I previously posted this on my webpage. I thought it needed to be here, too.
Why do I believe in Heaven?
When I was small, one of the first things I remember about Faith was that we went to Sunday School. I grew up in the Methodist faith, so Sunday School was a big deal. Our minister was a really tall, large built man, with a deep booming voice. His wife, was short, plump, with grey hair.photo © 2008 Irina Patrascu | more info (via: Wylio)
She taught me to sing “Jesus Love Me” and I can still see her beaming smile. Rev. Hogeland always led the processional at the beginning of church, with the choir in their robes following behind, and singing, every Sunday, “Holy, Holy, Holy”. Every Sunday. Singing. Music. And my Dad nodding off to sleep during the sermon, or before, every Sunday!
I trusted these people who loved me.
I trusted the love of my parents, my grandparents.
I FELT their love, in the hugs, the kisses, the praises, the smiles.
I believe that the love I felt was ultimately from the Source of Love, whom I have learned to called God.
God, as my Father, as my brother, Jesus, and as the One Who inspires and leads me into Truth, the Holy Spirit.
These Truths about the Trinitarian Godhead I have learned as an adult, especially as I have continued to seek the Truth as taught by the Roman Catholic Church.
With a foundation of Love and learning Who God is, in my life, I consider Heaven. I suppose my first thoughts of death were at a funeral of a dear cousin, who died of cancer when I was a little girl. He always teased my sisters and I. He called us, Wiggles #1, Wiggles #2 and Wiggles #3. I was number 2.

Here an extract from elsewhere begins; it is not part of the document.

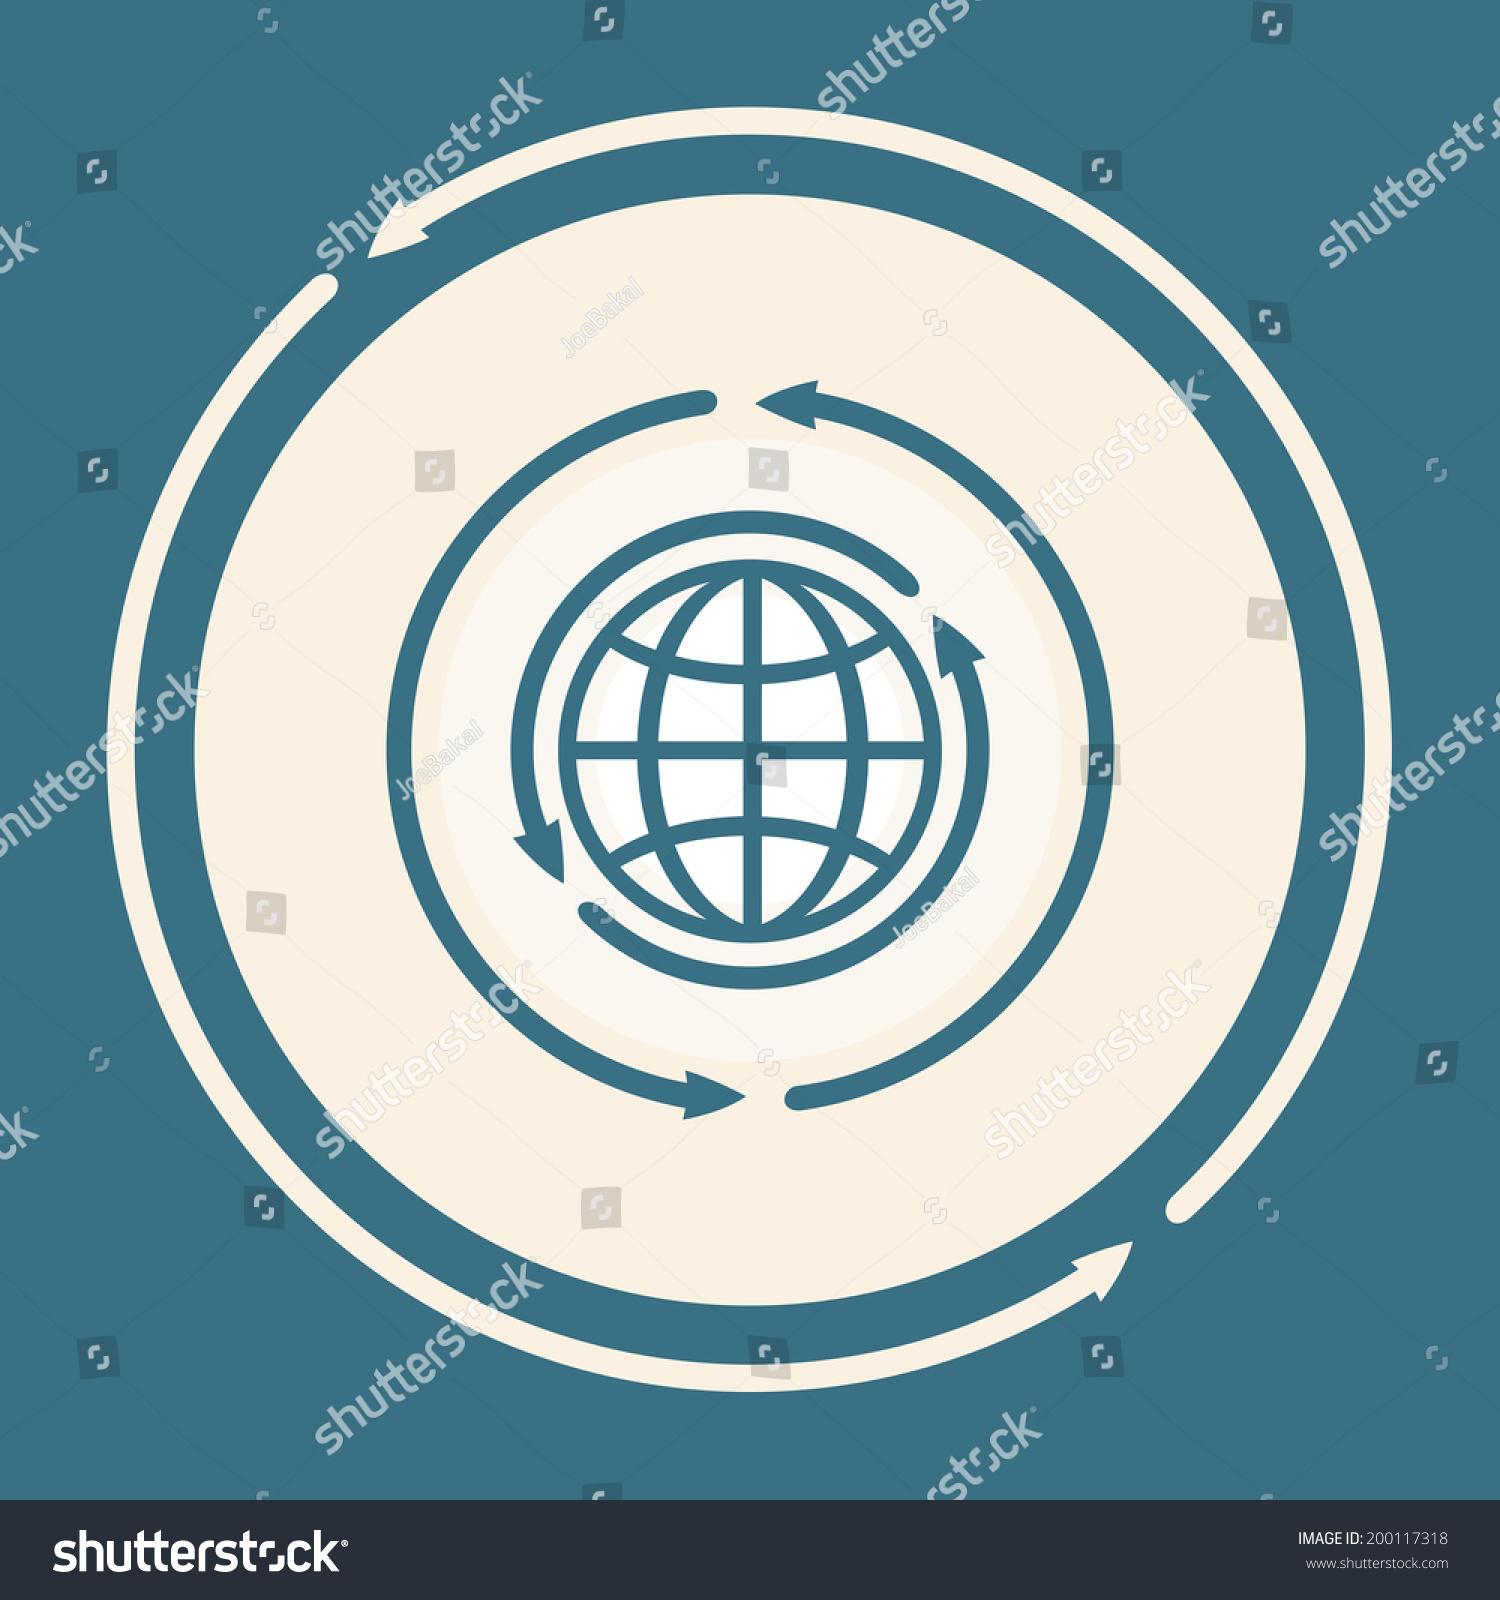 Symbol Renewal World Internet Projects Stock Illustration 200117318

Later, my Grandparents died, when I was a young adult. I don’t remember being upset really with any of these deaths, but had a trust, a faith in the idea of Heaven..that I would see them all again. Where did I get that trust, that faith? I don’t know. But the explanation given in our family history (the Bible) says that God gave me the faith.
When my Dad passed away, if was after a long, long time of suffering with Parkinson’s disease.photo © 2011 ekea7 | more info (via: Wylio)
His body had wasted away, he could not talk, and gradually was unable to eat or drink. My mother cared for him at home; in the home he had built himself (which is awesome, by the way.) We set his bed in the living room so he could see the mountain, which he had built. Yes, a mountain! And we set up the water hose to run the waterfall off the rocks, into the pond. That part was never actually finished, so we improvised.
The last few days, Dad was getting weaker. The Hospice people said it would not be long. I called my husband, Mike, to come from Kansas. My brother’s son, Daniel was there, too. My brother had passed away several years before, after suffering with Schizophrenia. The night came. Mom and Daniel said their last goodbyes. My sisters, who were not able to be there, called, and said their goodbyes, I told Dad the things that God put on my heart to say. Then early in the morning, I was sitting beside Dad, and noticed that he was breathing differently. I told Mom that I thought Dad would be dying very soon. She got up, went to find her glasses, but before she got there, Dad just stopped breathing. It was as if I could actually see his Spirit just leave..just float away…and he was not really there any more. Mom returned, and she was totally at peace. We called the sisters, the funeral home, woke the kids up, and we just waited, and then assisted getting the body out of the house. It was no longer Dad. And we were all at peace..that Peace that passes all understanding. It was beautiful.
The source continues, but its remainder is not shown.